__Directions__
Starting with the line that has "St Kitts and" in the records below and ending with the line that has "Jovani 05664 dress", output those lines exactly and nothing more; omit the pictures.

__Source records__
★ ★ ★ ★ ★

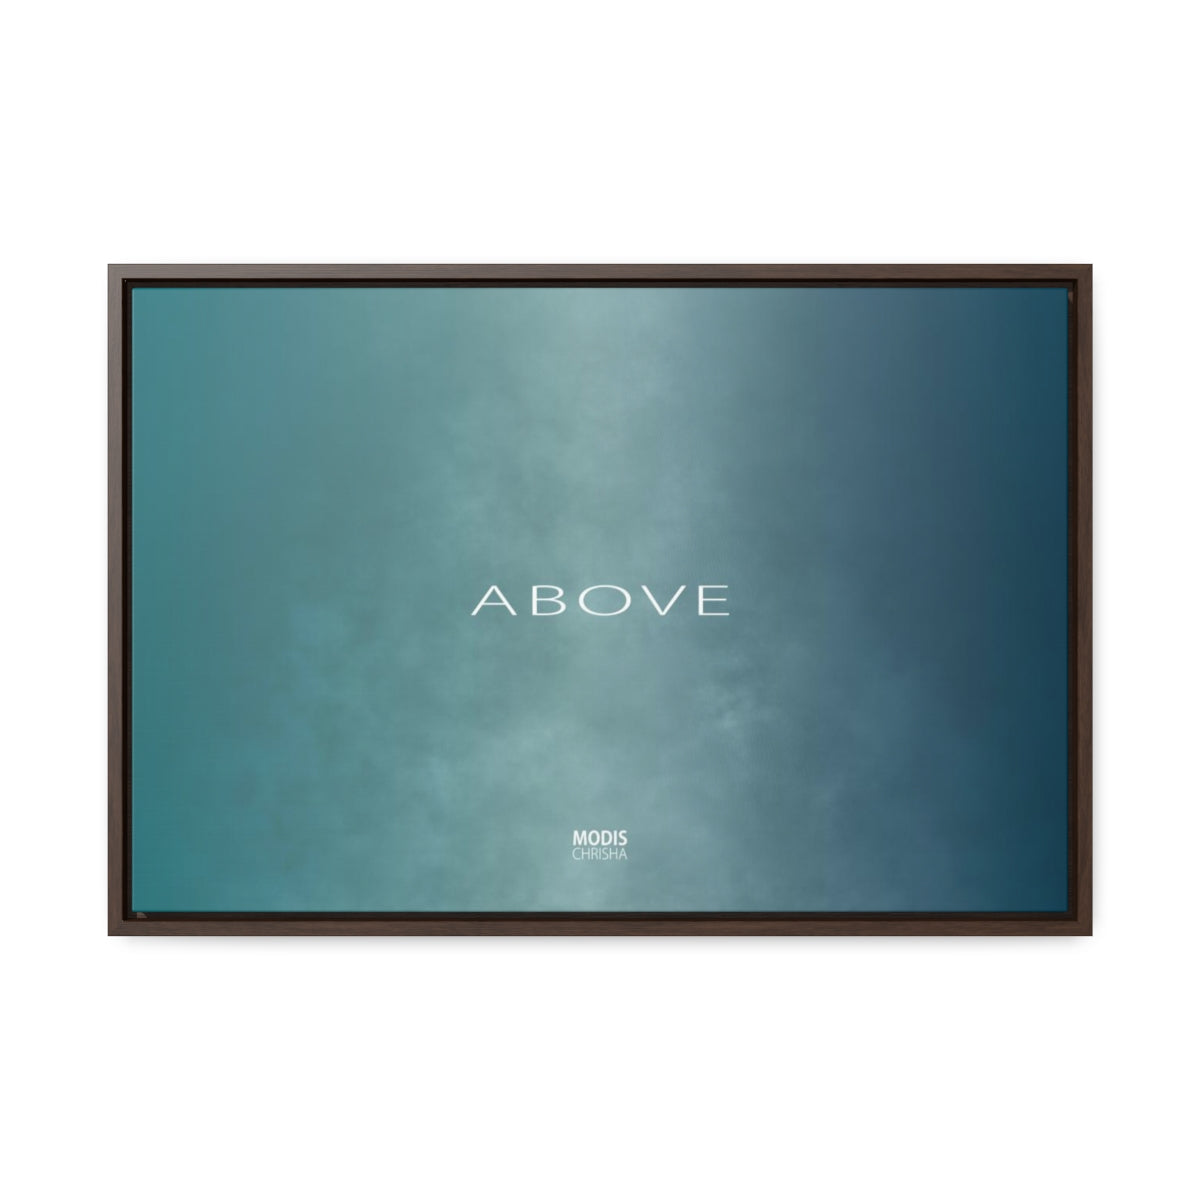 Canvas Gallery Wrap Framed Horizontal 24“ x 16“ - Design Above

★ ★ ★ ★ ★

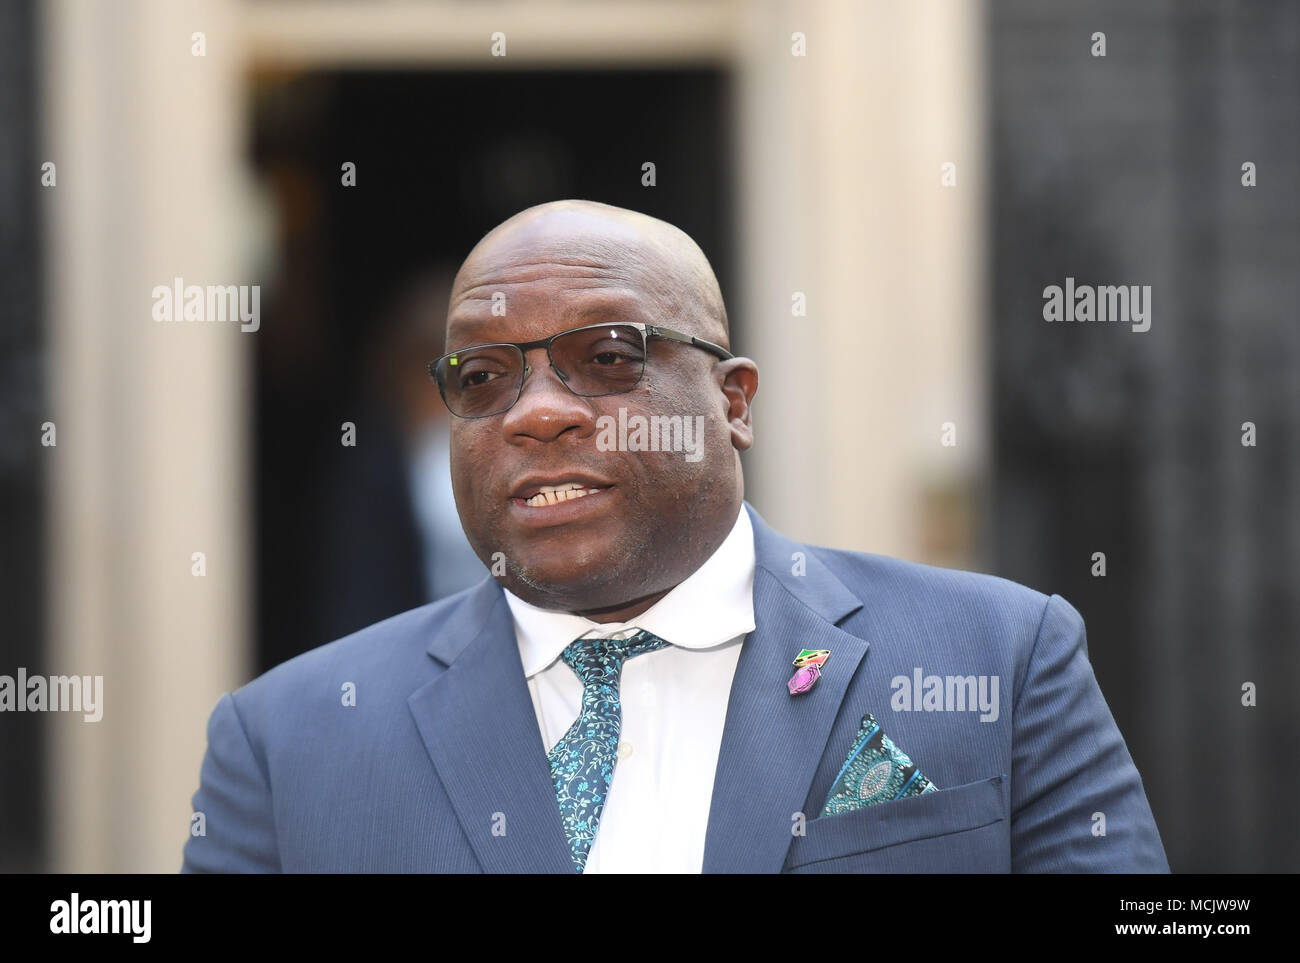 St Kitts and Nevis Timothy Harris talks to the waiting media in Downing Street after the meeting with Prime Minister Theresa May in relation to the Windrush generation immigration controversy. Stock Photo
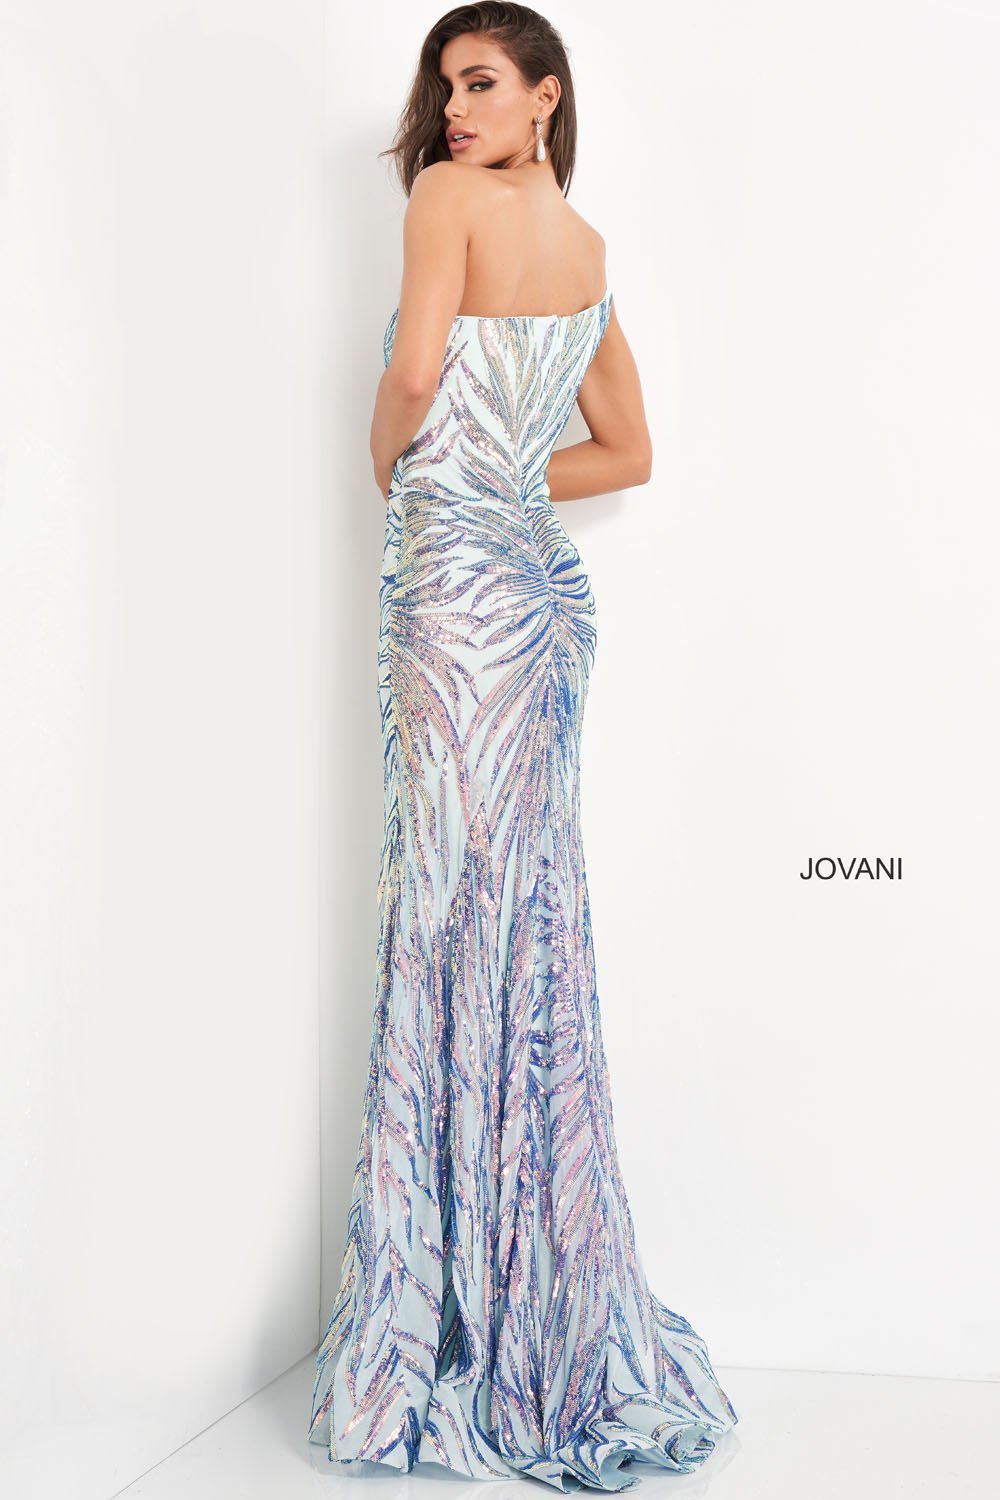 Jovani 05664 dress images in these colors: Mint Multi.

★ ★ ★ ★ ★

__Result__
 St Kitts and Nevis Timothy Harris talks to the waiting media in Downing Street after the meeting with Prime Minister Theresa May in relation to the Windrush generation immigration controversy. Stock Photo
 Jovani 05664 dress images in these colors: Mint Multi.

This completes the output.